Small business entrepreneurship is part of my very fiber.  My grandfather was one of the first people of color to win a state contract in Indiana for his lawn-care business.  Later, he helped my uncle start his own pharmacy in Indianapolis when others wouldn’t hire him simply because of the color of his skin.

Today, there are two people in Washington who have been fighting harder than ever for America’s diverse small businesses and the workers they hire: President Obama and Vice President Biden.  This month alone, both of them have shown a deep commitment to helping minorities and minority-owned firms.

First, the President announced the American Jobs Act.  The number one priority of this bill is to help small businesses do what they do best – create jobs.  It’s a smart, bipartisan, paid-for plan that puts money in their pockets to help them hire. 

Congress should pass it right away to help create jobs in minority communities nationwide.  It would cut in half the payroll taxes for America’s small businesses, including about 750,000 minority-owned employers.  The bill will also give these businesses tax credits of up to $4,000 for hiring folks who have been unemployed for many months, an incentive that is particularly crucial to helping lower the high unemployment rate in minority communities.

In addition, the bill provides more retraining resources, more tools, and more flexibility for states to help unemployed workers get hired or, in some cases, create their own job by starting a business.  Again, this is absolutely essential for helping Americans in underserved communities.

The Vice President’s commitment is equally deep. 

He joined SBA Administrator Karen Mills last week to make a major announcement that the Administration had helped secure $20 billion in commitments from 13 of our nation’s top banks to increase their small business lending over the next three years.  Many of these banks will focus their efforts on underserved communities where entrepreneurs and business owners are still having too much trouble getting the credit they need to start and grow their businesses.  This broader pipeline of capital will help them buy inventory, take on that next order, and – most importantly – hire workers to get the job done.

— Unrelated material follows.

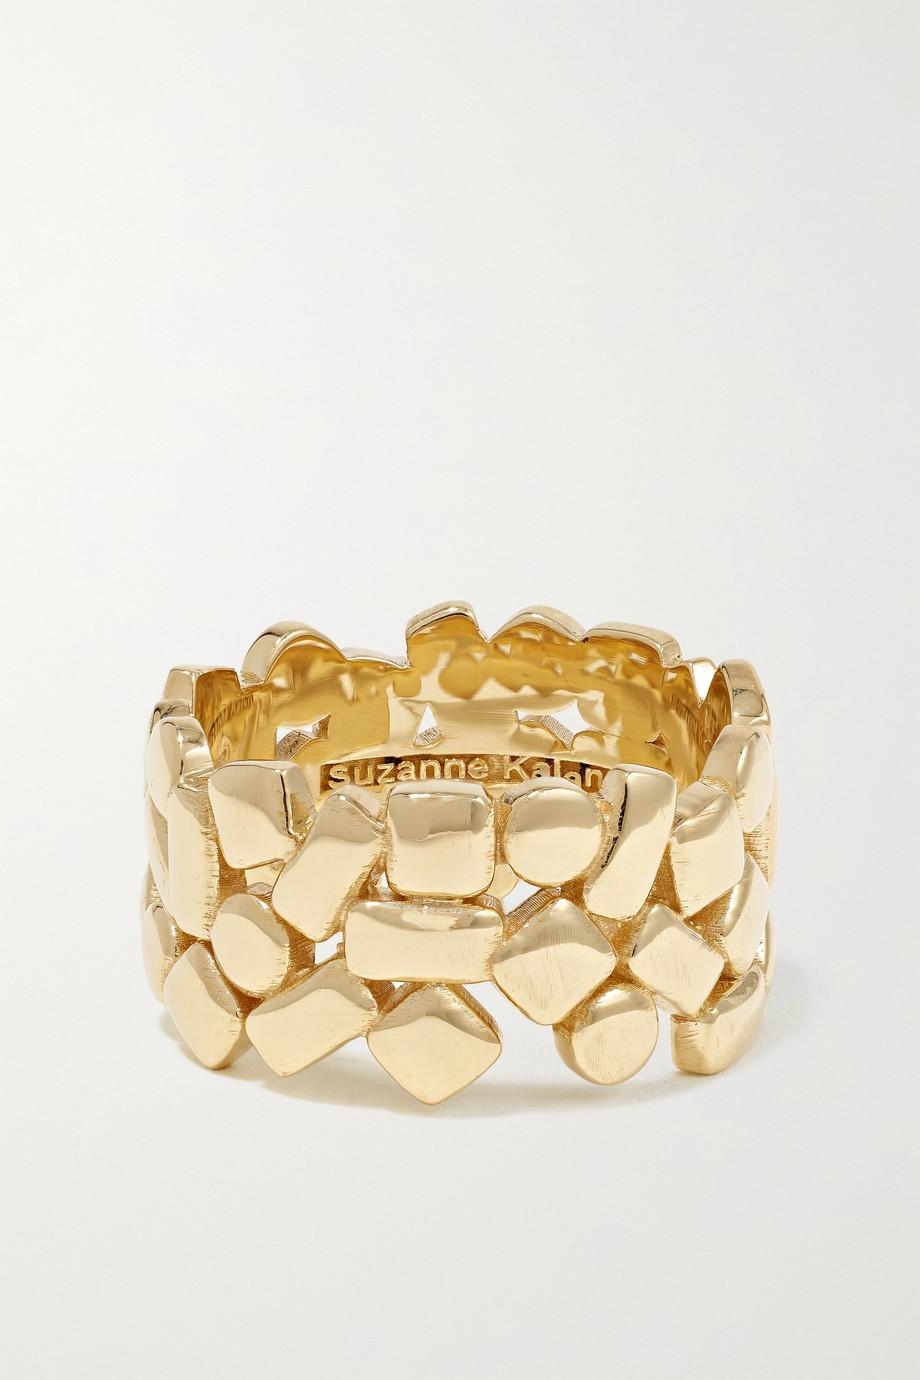 Suzanne Kalan 18-karat gold ring

Overall, in my many years working with small businesses in my local chamber of commerce and as business executive, I’ve never seen an Administration that is more active, more engaged, and more committed – from the top down – to helping minorities grow a business and create jobs in our communities.

Our President gets it.  Our Vice President gets it.  The SBA gets it.  And so does everyone in this Administration. 

As we celebrate Minority Enterprise Development Week, let’s renew our commitment – and pass the American Jobs Act – in order to help all of America’s small businesses create jobs and strengthen our economy.

About the Author:

Marie Johns

Former Deputy Administrator

Marie Johns is a former Deputy Administrator of the U.S. Small Business Administration. 


good article, i get more knowledge, thanks
In general, the hard work we do pays off in the end. My uncle first came here from Korea and he started a business making clothes for retailers who didn't want to outsource. It worked well for 25 years but after that it went south. But he was still able to retire from it.
I fully support the American Jobs Act and know that this will benefit the US by creating jobs.
Every citizen should be able to run and operate their small business regardless of their background. I'm in favour of the administration doing more to ensure that this is a reality across the US.
BenDallas is absolutely right. The future of our economy lies on the online market. And we should track and use that tendency to benefit from it
if you ask me, we should make efforts to increase the number of people connected to online businesses. It's a new field for marketing and it's a highly promising field.